Some of the Argentinean football in the late 1960s was legendarily brutal, cynical, and pragmatic. Teams like the Estudiantes of Zubeldia and Bilardo or Boca Juniors of Pedernera and d'Amico happily ceded possession in favor of kicking opponents out of the match, playing almost exclusively on the break and with a shocking level of violence. The Estudiantes matches against Celtic in 1967 and Manchester United in 1968 were famously more brawls than matches, leading El Grafico reporter Osvaldo Ardizzone to muse, "Estudiantes go out to destroy, to dirty, to irritate, to deny the show, to use all the illegal subterfuges in football...if it is good to win, then it must be good."

But they won. They won a lot. Their negative tactics and physical play often took precedence over the wonderfully gifted players they could call on, such as Juan Ramon Veron.
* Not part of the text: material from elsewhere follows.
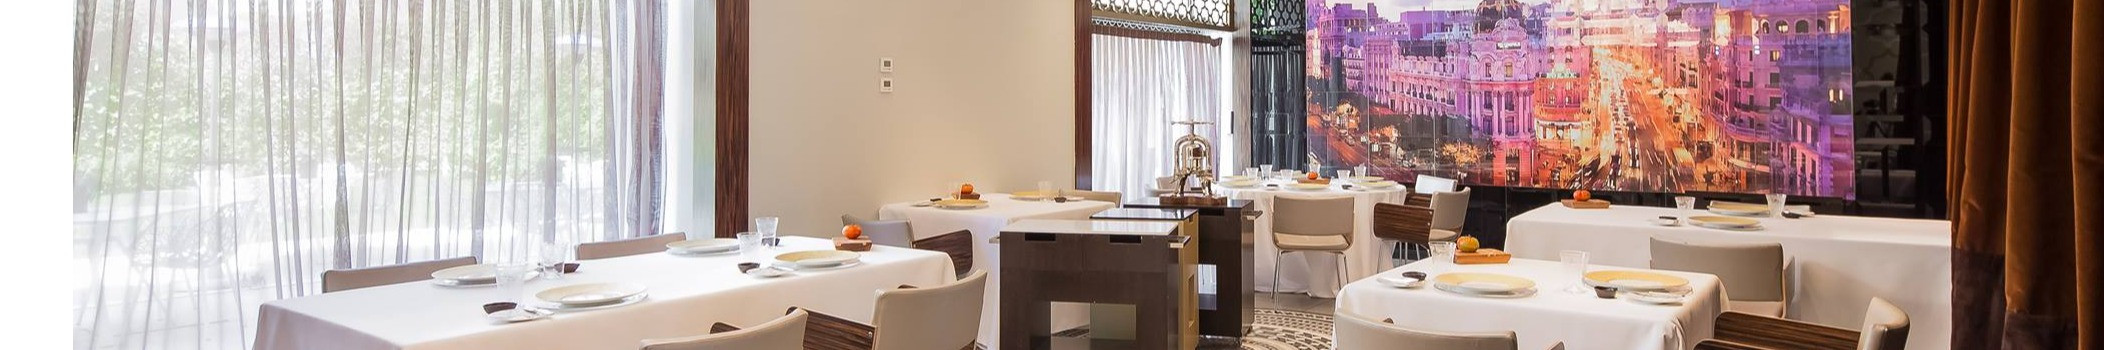 Un espacio elegante y sofisticado, Restaurante Ramon Freixa
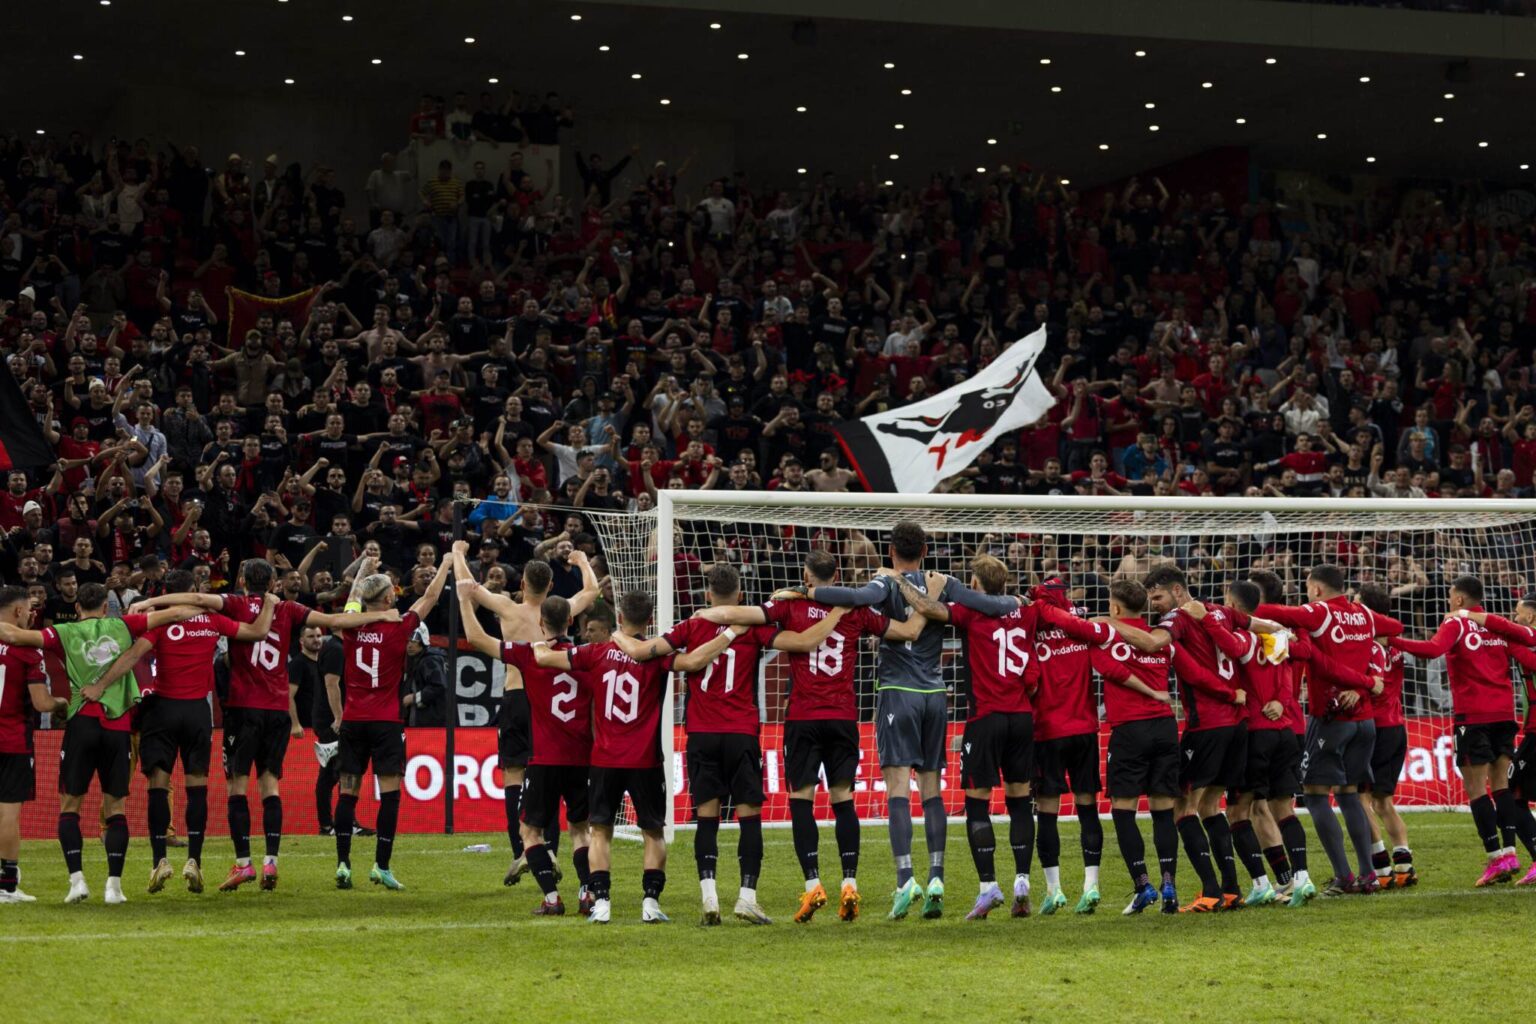 Shqipëria përballë Ukrainës, UEFA vendos ndeshja të luhet në stadium neutral

The backlash against them was slow but eventually absolute, as Cesar Menotti led the nation into a new period of more positive, romantic football, much like they'd played in the 1950s.

Fiorentina haven't swung to either extreme yet. Under Vincenzo Montella, this was a purely positive side, with passers and playmakers all over the pitch, dedicated to keeping the ball and beating teams with skill and intelligence. At times, though, his teams priotized merely hanging onto the ball, rather than actually going for goal; to borrow a nickname from the River Plate of the 1950s, these were the Knights of Anguish. Brilliant in the middle third, but always in danger of conceding a quick goal. With the same sporting director and players, Paulo Sousa continued Cousin Vinnie's style last year.

Now in his second season, we're seeing the real Paulo Sousa: happy to sacrifice possession in return for sound defensive positioning. While we haven't yet seen them resort to Sinisa Mihajlovic-level negativity and fouling, it's been a shock for fans who've grown accustomed to seeing lovely passing combinations all over the pitch for 90 minutes. But then again, Sousa seems to have the lads playing together and giving it their all, and wins like the one against AS Roma are deeply satisfying and wonderful entertainment.

So who's right? Should the Viola remain the beautifully frustrating team they've been, or should they evolve into a less spectacular but more effective group? It's a trick question: there's no right answer. And if you, like me, are reading too much into 3.2 matches thus far this season, maybe we need a bit of that Severus Snape treatment.